They need to be removed beforehand. They are easily identifiable with
their name in the form XXXX-####
where X
is a letter and #
a
digit.
cd $path_to_wd/melasto689_on_full_ref
seqkit grep -w 0 -n -r -p "[[:upper:]]{4}-" Melastomataceae_689_original.FNA > Angio353_from_Melasto689.FNA;
seqkit grep -w 0 -n -r -v -p "[[:upper:]]{4}-" Melastomataceae_689_original.FNA > Melasto689_trimed.FNA;
Melasto689="Melasto689_trimed.FNA"
seqkit seq -n Melasto689_trimed.FNA > template_sequences_list.txt
Each template sequence (TS) from Melasto689 (Melasto689_trimed.FNA
)
will be aligned to the set of references designed in Step 1. The aligner
used here is BLAST
(blastx-fast
). The regions of the TS that match
to a reference (the hits) are then extracted, the name of the reference
locus is appended to them, and they are place into the extracted_hits
folder. The non-matching regions are also separated into the NMR_hits
folder, and the TS with no match (i.e. no portion of the TS matches a
reference) are placed into the nomatch_TS
folder.
Prepare the sub-folders.
cd $path_to_wd/melasto689_on_full_ref
mkdir extracted_hits
mkdir nomatch_TS
mkdir NMR_hits
For every TS in the list of template sequences:
- create a sub-directory and set it as current directory
- extract the TS from the whole Melasto689_trimmed file
- align the TS to the reference with
blastx-fast
and store the result into a table - if the result table exists and is not empty, then:
- filter the results to keep only the matches with a bitscore greater than 50 and a query coverage greater than 50% (meaning at least 50% of the query covers the subject sequence), or matches with percentage identity greater than 60%, a query coverage greater than 10%, and a bitscore greater than 50
- if the filtered table exists and is not empty, then:
- for every line in the table (i.e. for every hit):
- retrieve the reference locus to which the hit aligns
refLocus
- retrieve the frame in which the hit aligns to the reference
frame
- print the matching subject (i.e. the name of the reference TS to
which the hit matched) into the file
matching_subject-$refLocus.txt
. This file will be used later during step 2.5 - if the
frame
value is greater than 0 (i.e. the hit is not in reverse complement), then:- set the hit into
.bed
format - retrieve the sequence of the hit using
bedtools getfasta
and rename the sequence in order to have the old locus name separated with ’__’ (double underscore) and the new locus name (refLocus
) appended at the end of the name - the hit is saved in
.FNA
(<hitID>_hit.FNA
)
- set the hit into
- if the
frame
value is lower than 0 (i.e. the hit is in reverse complement), then:- set the hit into
.bed
format - retrieve the sequence of the hit using
bedtools getfasta
, reverse complement the sequence and rename the sequence in order to have the old locus name separated with ’__’ (double underscore) and the new locus name (refLocus
) appended at the end of the name - the hit is saved in
.FNA
(<hitID>_hit.FNA
)
- set the hit into
- copy the hits (
<hitID>_hit.FNA
files) into$path_to_wd/extracted_hits
- retrieve the reference locus to which the hit aligns
- retrieve the query coverage (i.e. the percentage of query covered by the alignment)
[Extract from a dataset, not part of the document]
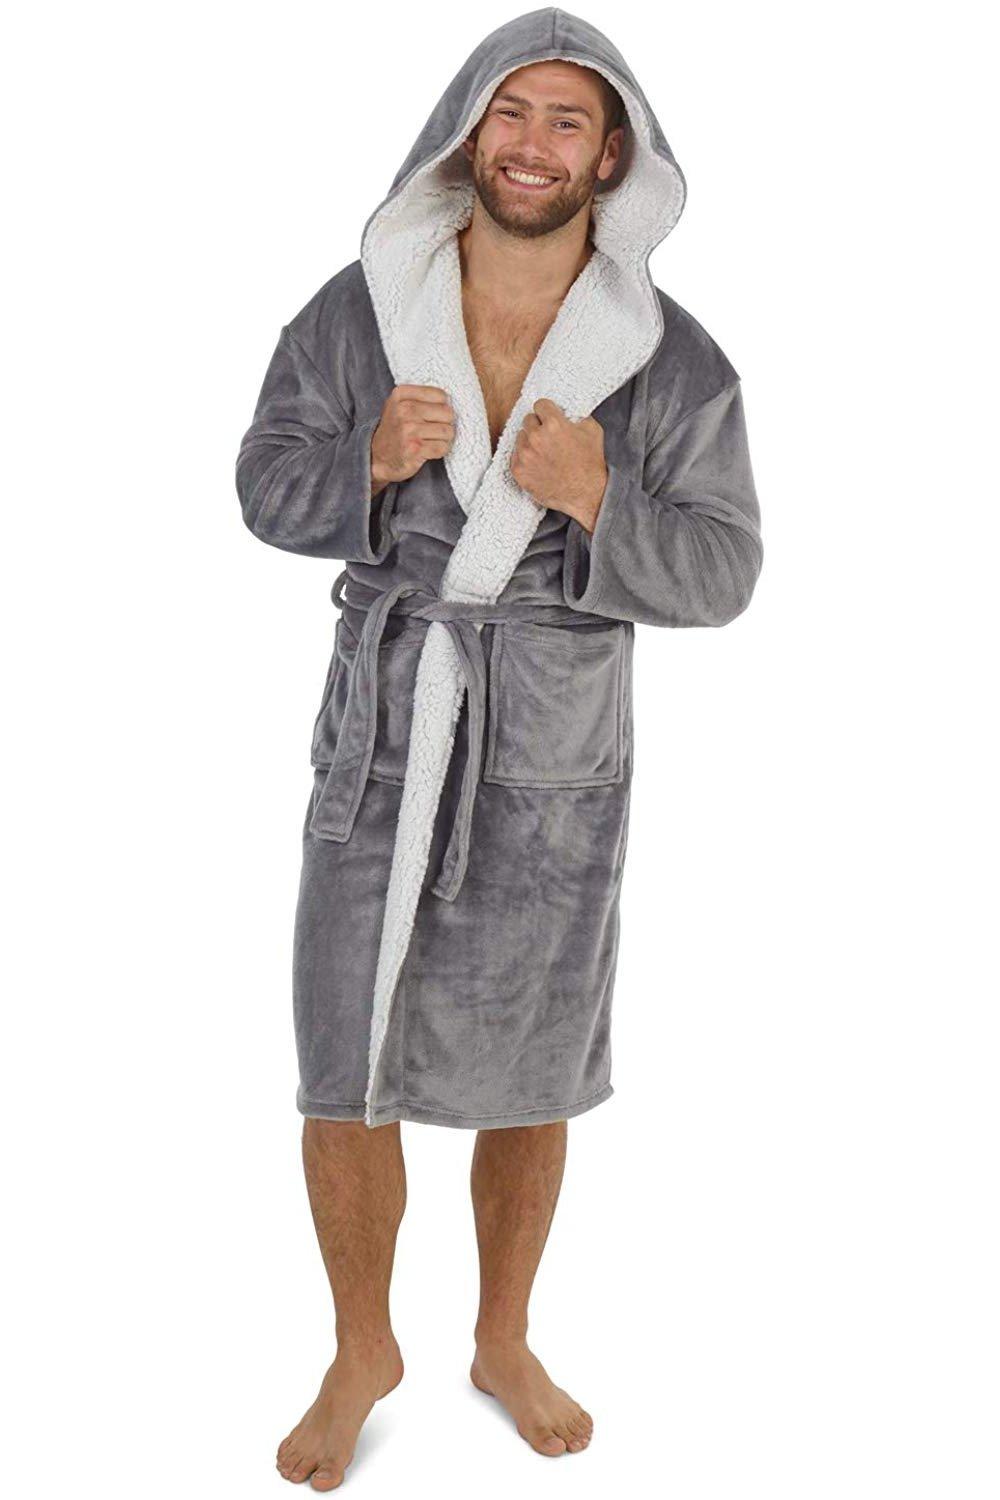 Пышный халат с капюшоном CityComfort, серый мужской халат с капюшоном ночной халат зимний теплый длинный флисовый халат домашняя одежда с поясом
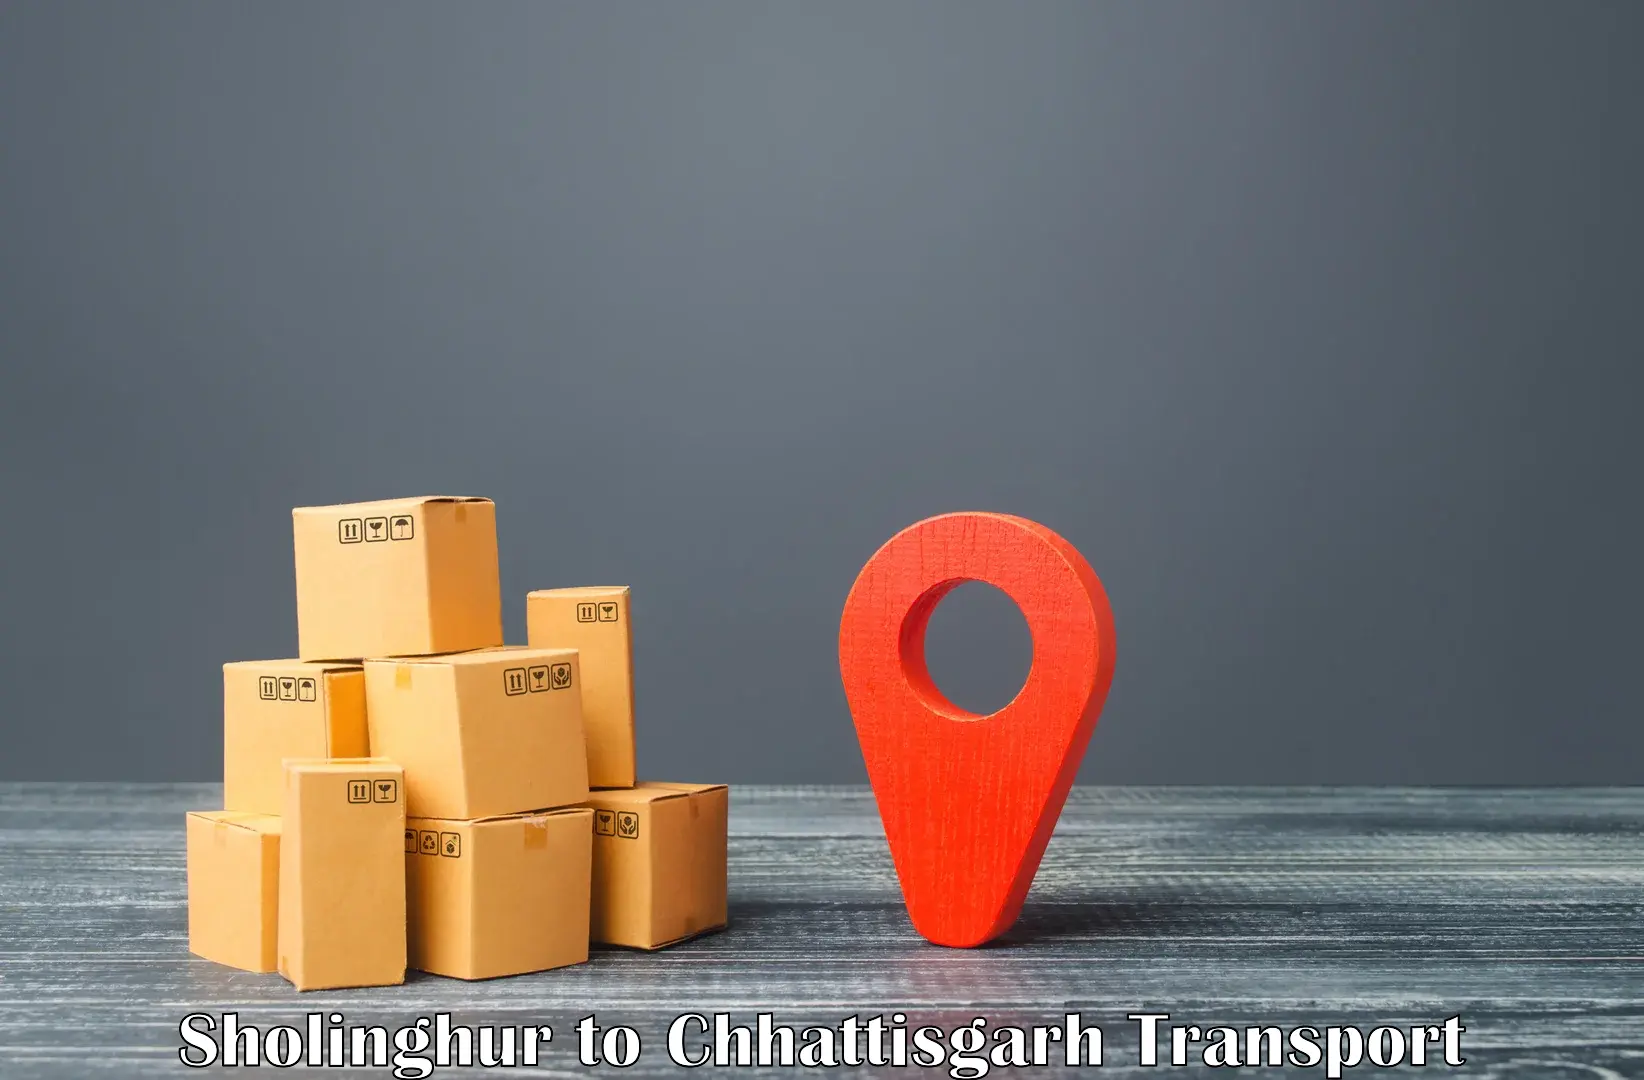 Online transport service Sholinghur to Jagdalpur

- if the query coverage is lower than 90 (i.e. at least 10% of the TS
did not align to any reference), then:
- merge all the
.bed
files to get the region(s) of the TS that did match - set a
.bed
file for the whole TS - extract the coordinates of region(s) of the TS that did not match
(non-matching regions, NMR) with
bedtools complement
- retrieve the sequence of the NMR using
bedtools getfasta
, filter out the sequences less than 30 nucleotides long, append ‘NMR’ to their locus name, and store them into<TS_ID>NMR.FNA
- copy the NMR (
<TS_ID>NMR.FNA
files) into$path_to_wd/NMR_hits
- merge all the
- for every line in the table (i.e. for every hit):
- else (i.e. the TS has no match):
- rename the TS to ‘nomatch’ and store it into
$path_to_wd/nomatch_TS
- rename the TS to ‘nomatch’ and store it into
- set the upper level directory as current directory
for TS in $(cat template_sequences_list.txt);
do
echo $TS
mkdir $TS
cd $TS
seqkit grep -w0 -nrp $TS ../Melasto689_trimed.FNA > $TS.FNA
blastx -task blastx-fast -matrix BLOSUM62 -db $prot_DB -query $TS.FNA -culling_limit 1 -evalue 1e-06 -ungapped -comp_based_stats F -outfmt "10 std qframe qcovs sframe qseq" > $TS"_blastx_out_unfiltered.csv"
if [ -s $TS"_blastx_out_unfiltered.csv" ]; then
cat $TS"_blastx_out_unfiltered.csv" | csvtk filter2 -H -f '$12 > 50 && $14 > 50 || $3 > 60 && $14 > 10 && $12 > 50' > $TS"_blastx_out.csv"
fi
if [ -s $TS"_blastx_out.csv" ]; then
number_of_seqs_BLASTED=$(cat $TS"_blastx_out.csv" | wc -l)
else
number_of_seqs_BLASTED=(0)
fi
if [ $number_of_seqs_BLASTED -gt 0 ]; then
for line in $(cat $TS"_blastx_out.csv");
do
# Retrieve the hit
refLocus=$(echo $line | awk -F ',' '{print $2}' | sed 's/.*-//g')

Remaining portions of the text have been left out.